Вернусь к своим курсам автомехаников. Новая профессия давалась мне туго. Когда от чистой тео­рии надо было переходить к практике – разбирать и собирать мотор – да еще запоминать названия ты­сяч деталей на нескольких языках (еще неизвестно было, куда удастся эмигрировать из Германии), то я вообще пришел в ужас. Но, как говорится, «взял­ся гуж, не говори, что не дюж». Я героически ста­рался преодолеть трудности новой профессии и в моем классе был не из самых последних, как вдруг получаю от жены – Людмилы Петровны – из Мюн­хена письмо: срочно, мол, приезжай домой, есть серьезное дело. Приезжаю, и жена подает мне теле­грамму от американского полковника Гоффмана. Полковник предлагает приехать в Гармиш прочесть несколько лекций о Советском Союзе в американ­ской военной школе. Я и понятия не имел, что это за школа или что я там должен читать. Зато в те же Дни газеты писали, что в Австрии выявлено несколь­ко случаев, когда какой-то американский развед­чик продавал «ди-пи» советским разведчикам. Бы­ло сказано, что виновник наказан, но от этого по­страдавшим «ди-пи» легче не было. Поэтому я ре­шил не рисковать. Купил билет не в Гармиш, а даль­ше, в Миттенвальд. Там осели некоторые наши «тур­ки», и я хотел узнать от них, слышали ли они что-ни­будь об американской школе по русским делам в Гармише? Мне сказали: да, такая школа есть, при­езжали американские студенты собирать новые со­ветские термины среди «ди-пи» в Миттенвальд. Я тогда вернулся в Гармиш и явился к полковнику. Полковник очень вежливо принял меня и сообщил, что я рекомендован ему господином Далиным, рас­сказал об общей программе школы, которая тогда называлась «Детачмент Р», и попросил меня соста­вить список тем, по которым я мог бы у них читать лекции.
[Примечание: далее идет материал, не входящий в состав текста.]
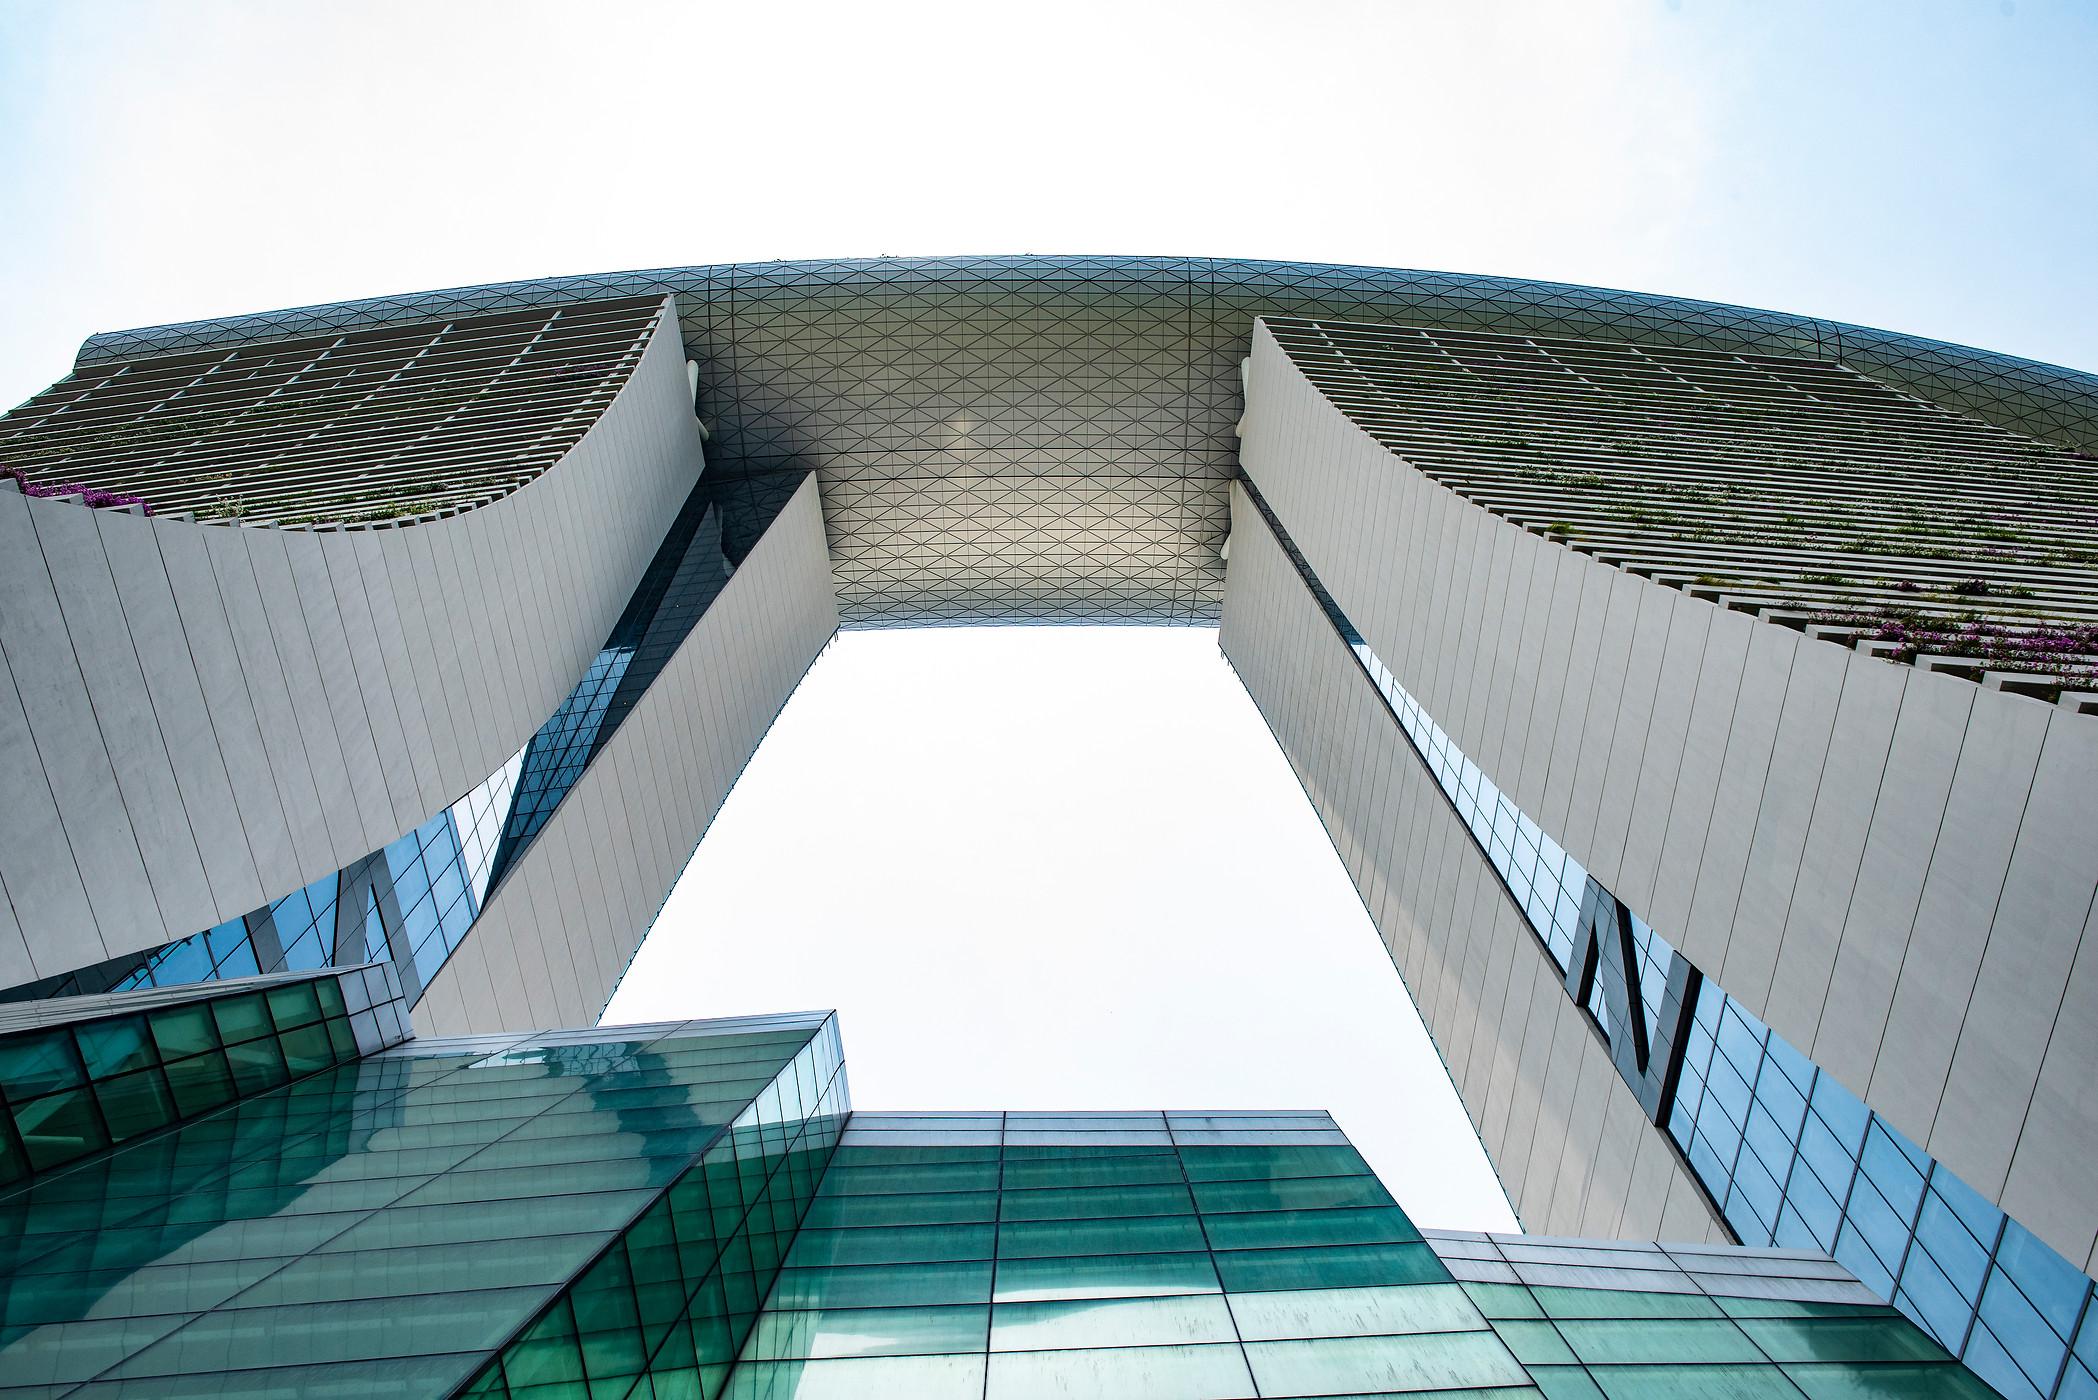 #marinabaysandshotel #singapre #architecture #interiors #architecturephotogrphy #shanefinnphotography

Я набросал приблизительную тематику, пре­имущественно историческую, а из истории советско­го периода предложил несколько политических портретов ведущих советских лидеров. Полковник Гоффман одобрил предложенные мною темы. Я приступил к чтению лекций. Я читал их по-русски, и по реакции студентов видел, что они меня хорошо понимают (в эту школу зачислялись только офице­ры и дипломаты, которые уже прошли в Америке двухгодичную подготовку по русскому языку). Ве­роятно, я имел успех, ибо в следующем, 1949, году (к этому времени школа переехала в Регенсбург) полковник Гоффман пригласил меня на штатную должность преподавателя. Он подверг меня приня­той в таких случаях проверке. Помню его первый вопрос:

– Какую форму государственного правления вы предпочитаете?

Я ответил:

– Любую форму государства, правительство ко­торого я могу критиковать, не рискуя лишиться личной свободы.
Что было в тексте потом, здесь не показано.